# REQUIREMENT:
Set down the data again word for word. Skip any pictures.

# INFORMATION SHOWN:
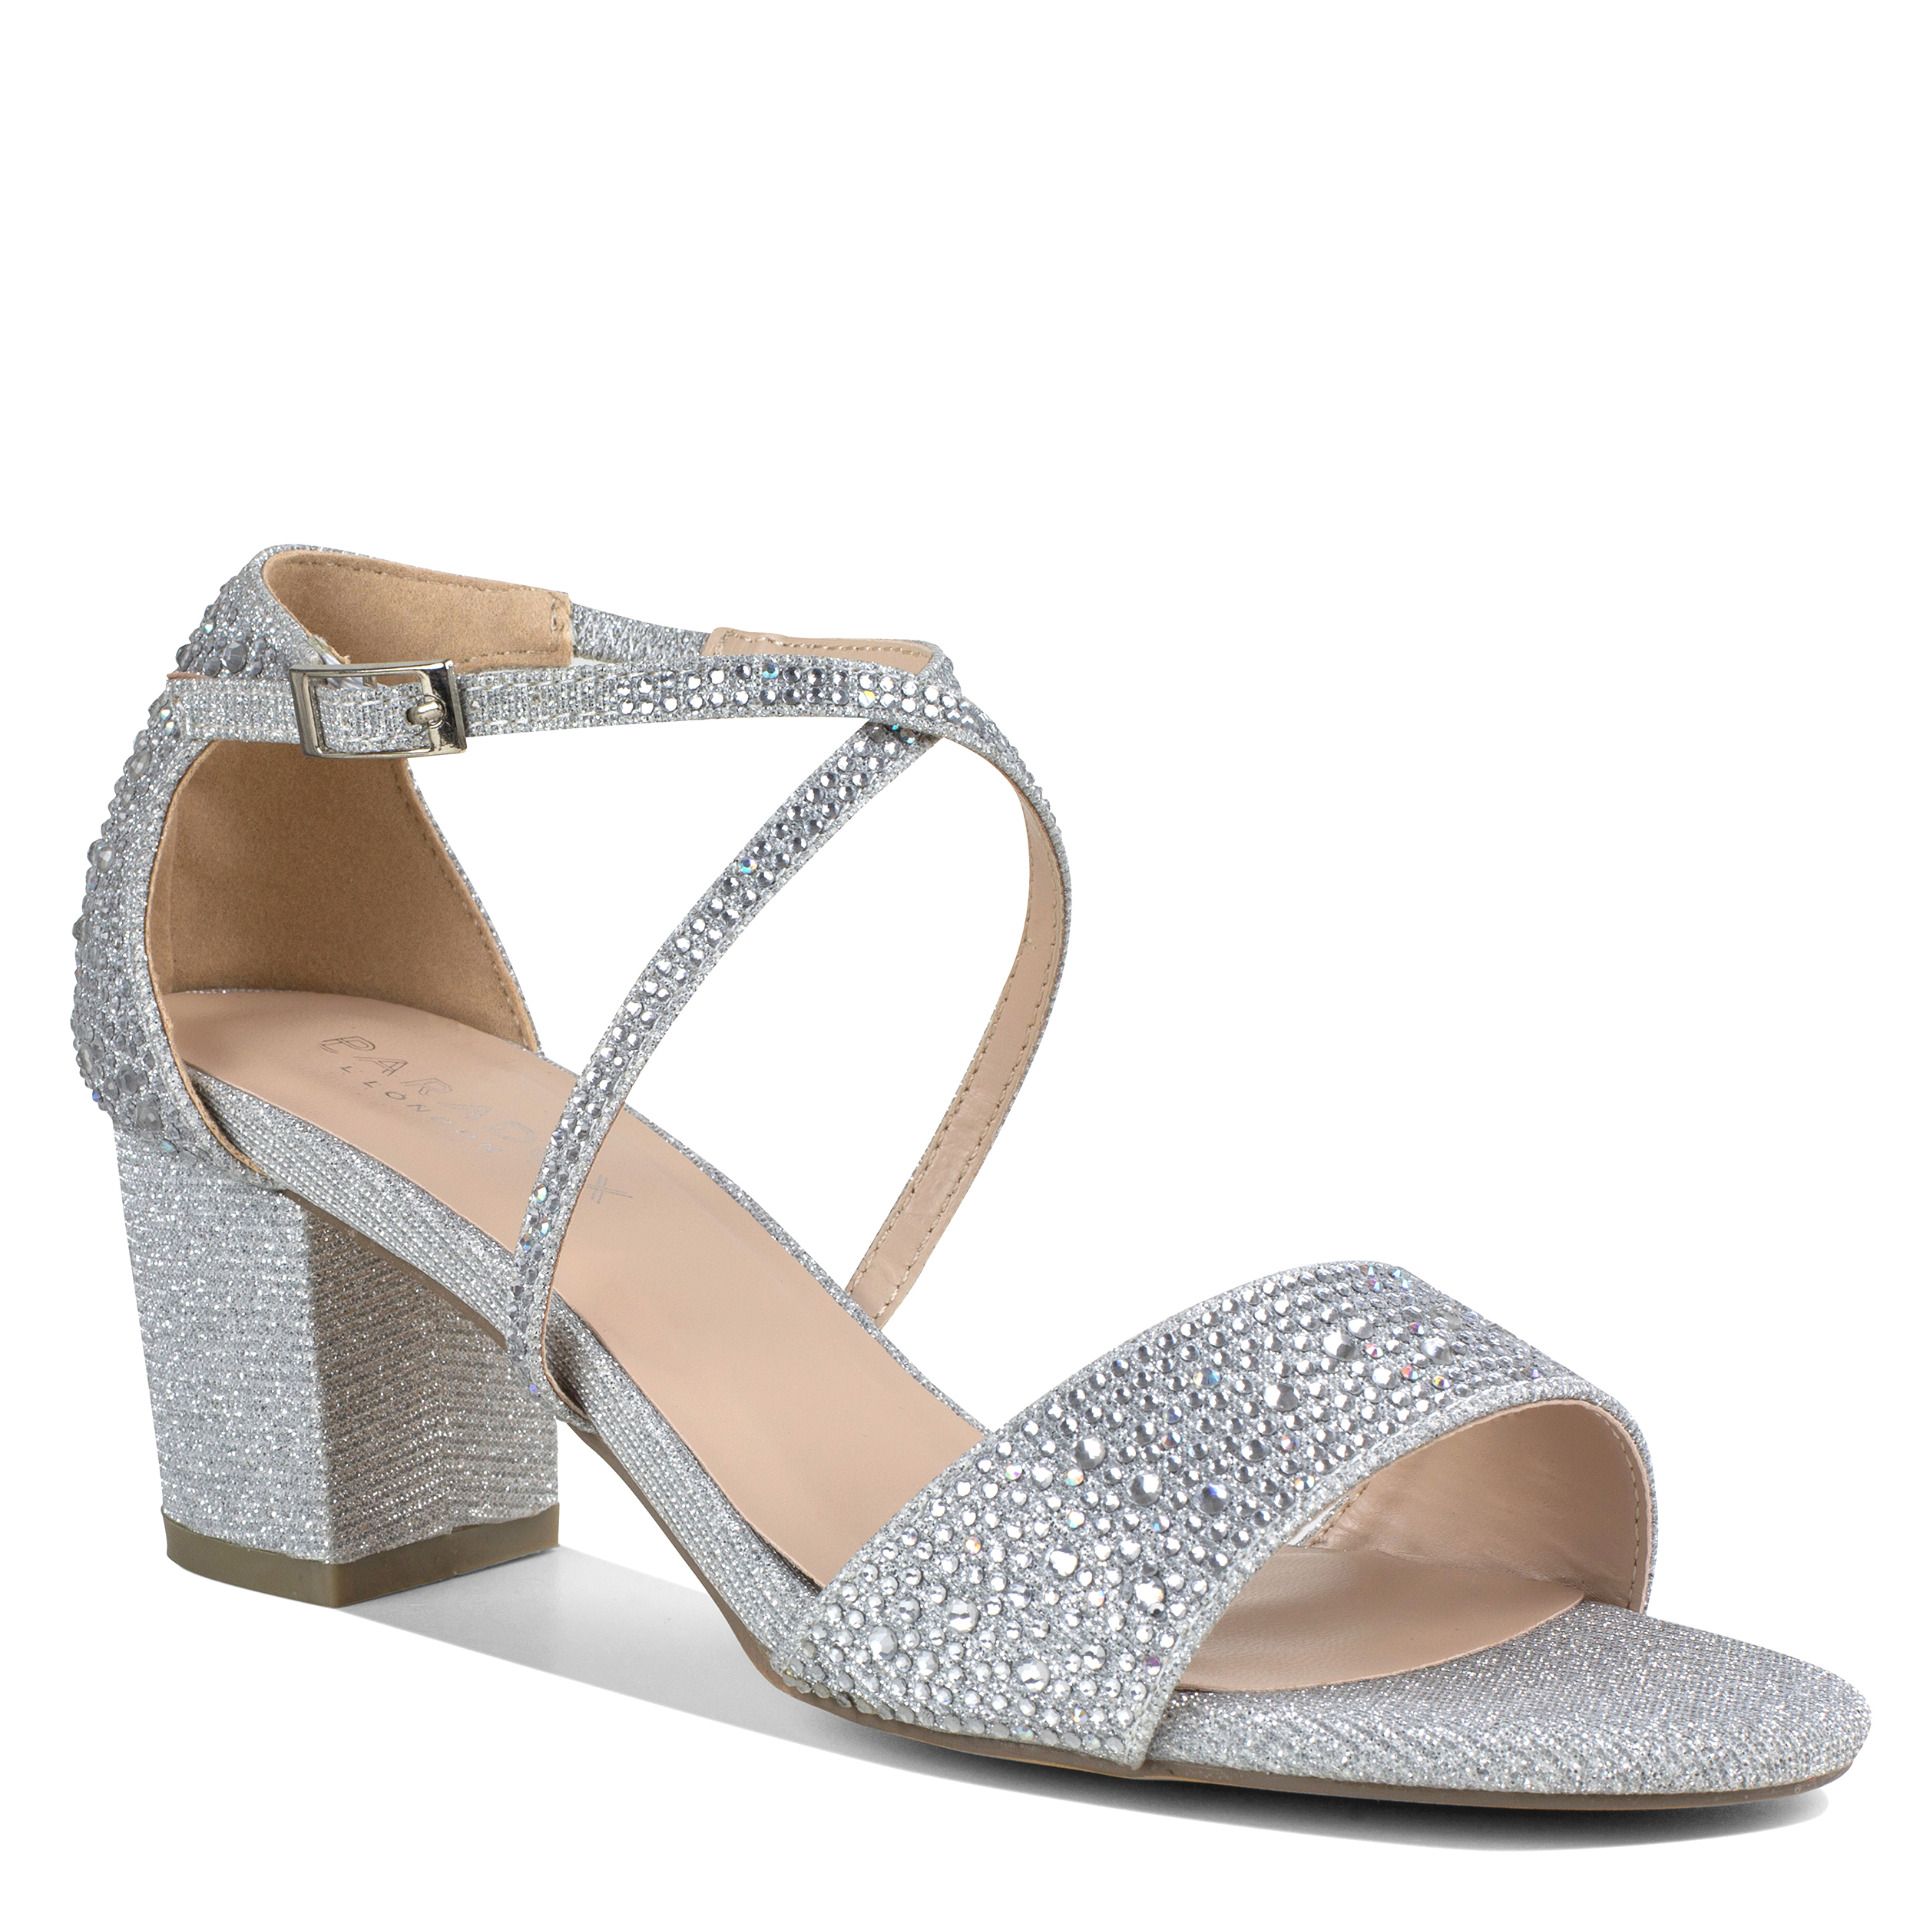 Metallic silver shoe with 2" block heel and criss cross straps
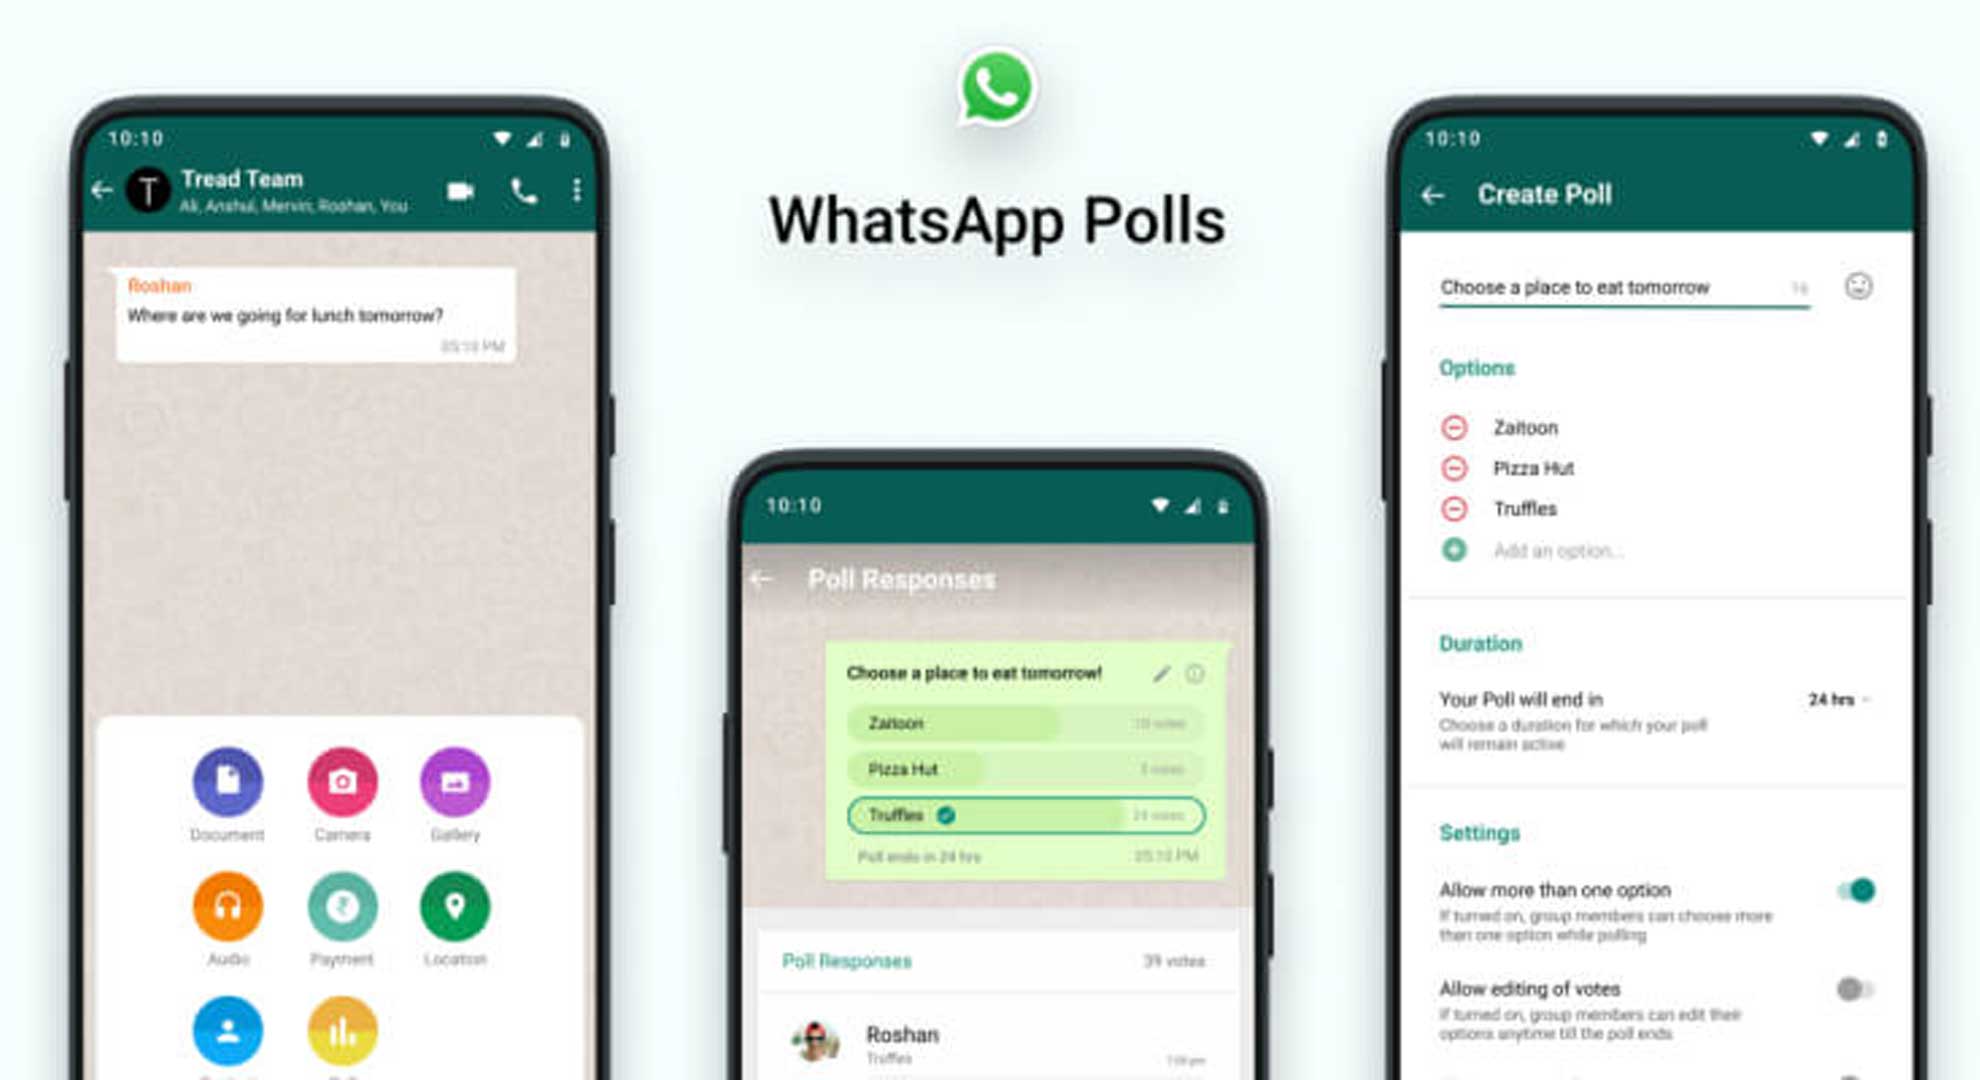 Whatsapp Polls: All You Need To Know About How To Create Polls On WhatsApp
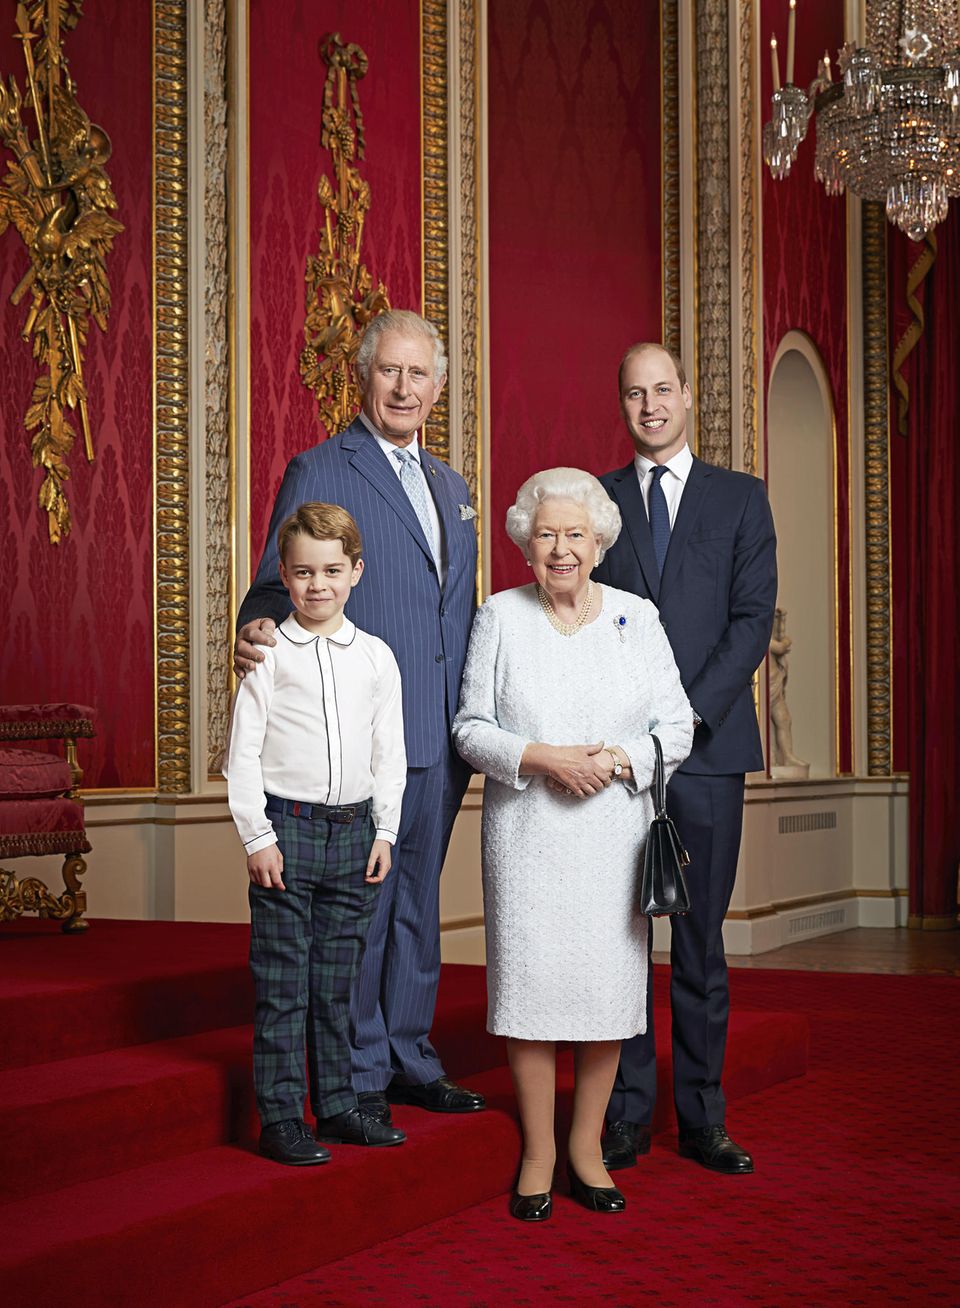 In 2020, Queen Elizabeth (†) posed with Prince George, King Charles (then Prince Charles) and Prince William in the Throne Room of Buckingham Palace.

# EXPECTED ANSWER:
 Metallic silver shoe with 2" block heel and criss cross straps
 Whatsapp Polls: All You Need To Know About How To Create Polls On WhatsApp
 In 2020, Queen Elizabeth (†) posed with Prince George, King Charles (then Prince Charles) and Prince William in the Throne Room of Buckingham Palace.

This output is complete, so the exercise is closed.